FireDuckExt - DuckDB Extension for Google Cloud Firestore

Query Google Cloud Firestore directly from DuckDB using SQL.

Features

Read data from Firestore collections with firestore_scan()
Insert data from subqueries, CSVs, or tables with firestore_insert()
Update and delete with firestore_update(), firestore_delete()
Batch operations for bulk updates and deletes
Array transforms with firestore_array_union(), firestore_array_remove(), firestore_array_append()
Collection group queries for querying across nested collections
Filter pushdown sends supported WHERE clauses to Firestore for faster queries
SQL ORDER BY / LIMIT pushdown for faster top-N and sorted scans
Collection ID listings by scanning a Firestore document path
Vector embedding support with Firestore vector fields mapped to ARRAY(DOUBLE, N)
DuckDB secret management for secure credential storage

Quick Start

-- Load the extension
LOAD fire_duck_ext;

-- Configure credentials
CREATE SECRET my_firestore (
    TYPE firestore,
    PROJECT_ID 'my-gcp-project',
    SERVICE_ACCOUNT_JSON '/path/to/credentials.json'
);

-- Query a collection
SELECT * FROM firestore_scan('users');

-- Filter with SQL
SELECT __document_id, name, email
FROM firestore_scan('users')
WHERE status = 'active';

-- Insert documents from a subquery
call firestore_insert('users', (
    SELECT 'Alice' AS name, 30 AS age
));

-- Insert with explicit document IDs
call firestore_insert('users',
    (SELECT 'alice123' AS id, 'Alice' AS name, 30 AS age),
    document_id := 'id');

-- Update documents
call firestore_update('users', 'user123', 'status', 'verified');

-- Batch update with DuckDB filtering
SET VARIABLE ids = (
    SELECT list(__document_id)
    FROM firestore_scan('users')
    WHERE status = 'pending'
);
call firestore_update_batch('users', getvariable('ids'), 'status', 'reviewed');

Authentication

Service Account (Recommended for production)

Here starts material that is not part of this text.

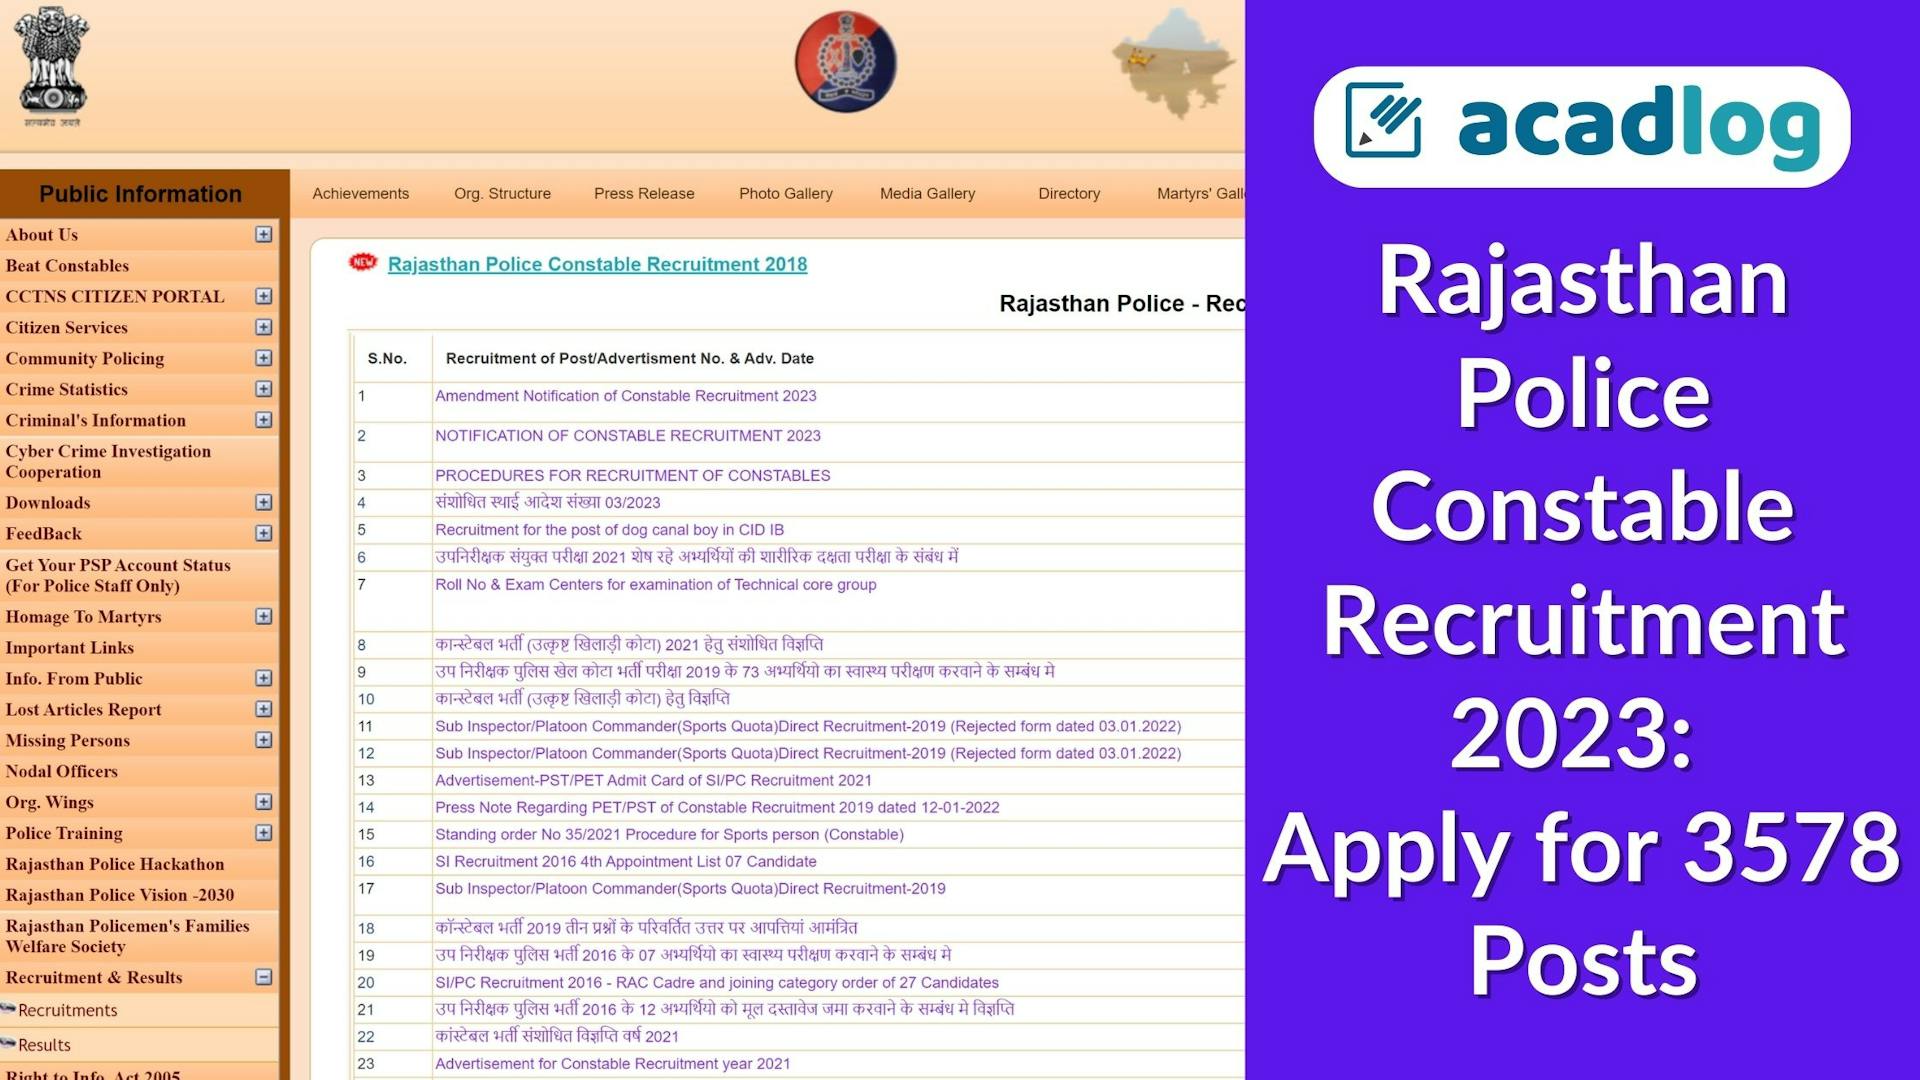 Rajasthan Police Constable Recruitment 2023: Apply for 3578 Posts

SERVICE_ACCOUNT_JSON accepts either a file path or the full JSON text of a service account key.

File path:

CREATE SECRET prod_firestore (
    TYPE firestore,
    PROJECT_ID 'my-project',
    SERVICE_ACCOUNT_JSON '/path/to/service-account.json'
);

Inline JSON:

CREATE SECRET prod_firestore (
    TYPE firestore,
    PROJECT_ID 'my-project',
    SERVICE_ACCOUNT_JSON '{
        "type": "service_account",
        "project_id": "my-project",
        "private_key_id": "key123abc",
        "private_key": "-----BEGIN RSA PRIVATE KEY-----\n...\n-----END RSA PRIVATE KEY-----\n",
        "client_email": "firestore-sa@my-project.iam.gserviceaccount.com",
        "client_id": "123456789",
        "auth_uri": "https://accounts.google.com/o/oauth2/auth",
        "token_uri": "https://oauth2.googleapis.com/token"
    }'
);

API Key (For development/testing)

An API key provides unauthenticated access and is suitable for development, testing, or accessing public Firestore databases. API key auth does not support batchWrite, so batch operations fall back to individual requests.

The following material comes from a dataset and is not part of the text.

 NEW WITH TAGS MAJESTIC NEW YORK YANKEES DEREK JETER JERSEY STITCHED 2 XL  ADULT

CREATE SECRET dev_firestore (
    TYPE firestore,
    PROJECT_ID 'my-project',
    API_KEY 'AIzaSyYourApiKeyHere'
);

Environment Variable

# Set the path to your service account JSON file
export GOOGLE_APPLICATION_CREDENTIALS="/path/to/service-account.json"

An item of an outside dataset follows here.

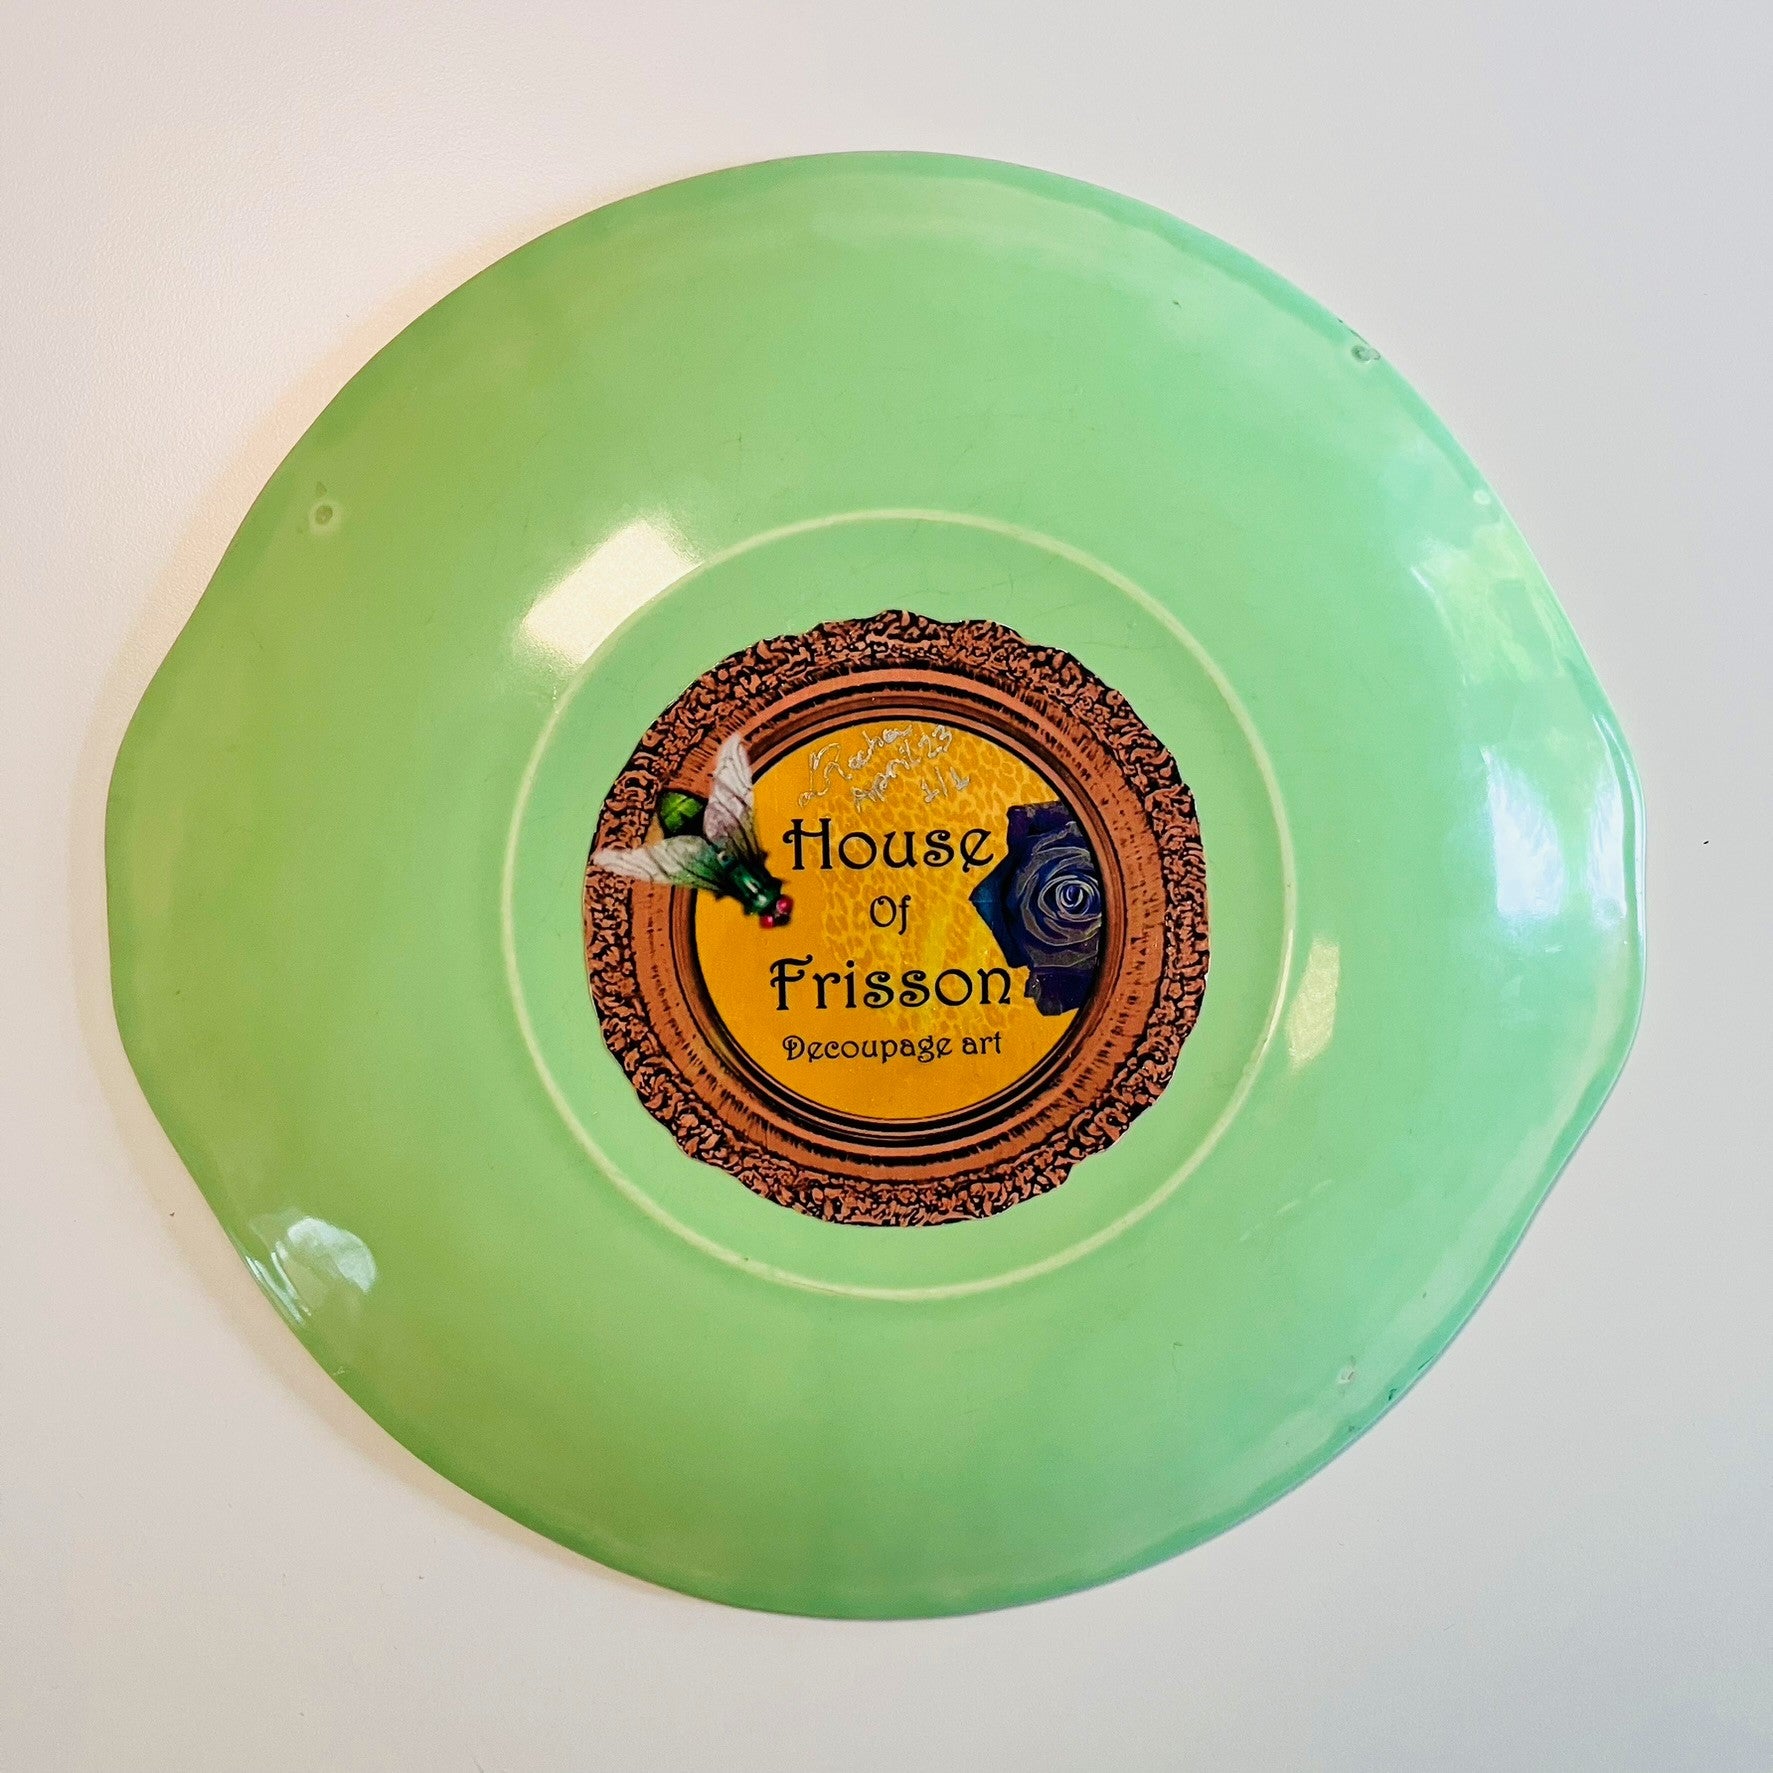 "Cheeky" Wall Plate by House of Frisson, featuring a collage with letters coming out of flowers forming the word "cheeky", and a lizard, on a green background. Showing back of the plate.

# Then run DuckDB - no secret creation needed!
duckdb

The extension automatically reads GOOGLE_APPLICATION_CREDENTIALS on startup and creates an internal secret that matches all databases (DATABASE '*'), so no CREATE SECRET is needed.

Custom Database

-- Single named database (with service account)
CREATE SECRET my_secret (
    TYPE firestore,
    PROJECT_ID 'my-project',
    SERVICE_ACCOUNT_JSON '/path/to/credentials.json',
    DATABASE 'my-database'
);

-- Single named database (with API key)
CREATE SECRET my_secret (
    TYPE firestore,
    PROJECT_ID 'my-project',
    API_KEY 'AIzaSyYourApiKeyHere',
    DATABASE 'my-database'
);

-- Multiple databases
CREATE SECRET my_secret (
    TYPE firestore,
    PROJECT_ID 'my-project',
    SERVICE_ACCOUNT_JSON '/path/to/credentials.json',
    DATABASES ['(default)', 'my-other-db']
);

-- Wildcard (matches all databases)
CREATE SECRET my_secret (
    TYPE firestore,
    PROJECT_ID 'my-project',
    SERVICE_ACCOUNT_JSON '/path/to/credentials.json',
    DATABASE '*'
);

If DATABASE/DATABASES is omitted, it defaults to (default).

Firebase Emulator

-- Set environment variable first
-- export FIRESTORE_EMULATOR_HOST=localhost:8080

CREATE SECRET emulator (
    TYPE firestore,
    PROJECT_ID 'test-project',
    API_KEY 'fake-key'
);

Functions

Function	Description
`firestore_scan('collection')`	Read all documents from a collection
`firestore_scan('~collection')`	Collection group query (all subcollections)
`firestore_scan('collection/doc_id')`	List direct subcollection IDs under a document path
`firestore_insert('collection', (SELECT ...), document_id := 'col')`	Insert documents from a subquery
`firestore_update('collection', 'doc_id', 'field1', value1, ...)`	Update fields on a single document
`firestore_delete('collection', 'doc_id')`	Delete a document
`firestore_update_batch('collection', ['id1', ...], 'field1', value1, ...)`	Batch update
`firestore_delete_batch('collection', ['id1', ...])`	Batch delete
`firestore_array_union('collection', 'doc_id', 'field', ['v1', ...])`	Add to array (no duplicates)
`firestore_array_remove('collection', 'doc_id', 'field', ['v1', ...])`	Remove from array
`firestore_array_append('collection', 'doc_id', 'field', ['v1', ...])`	Append to array

Named Parameters

All functions accept these credential override parameters, allowing per-call control over which project and database to target:

Parameter	Type	Description
`database`	VARCHAR	Override the database ID for this call (instead of the secret's default).
`project_id`	VARCHAR	Override the project ID for this call.
`api_key`	VARCHAR	Override the API key for this call.
`credentials`	VARCHAR	Path to a service account JSON file to use for this call.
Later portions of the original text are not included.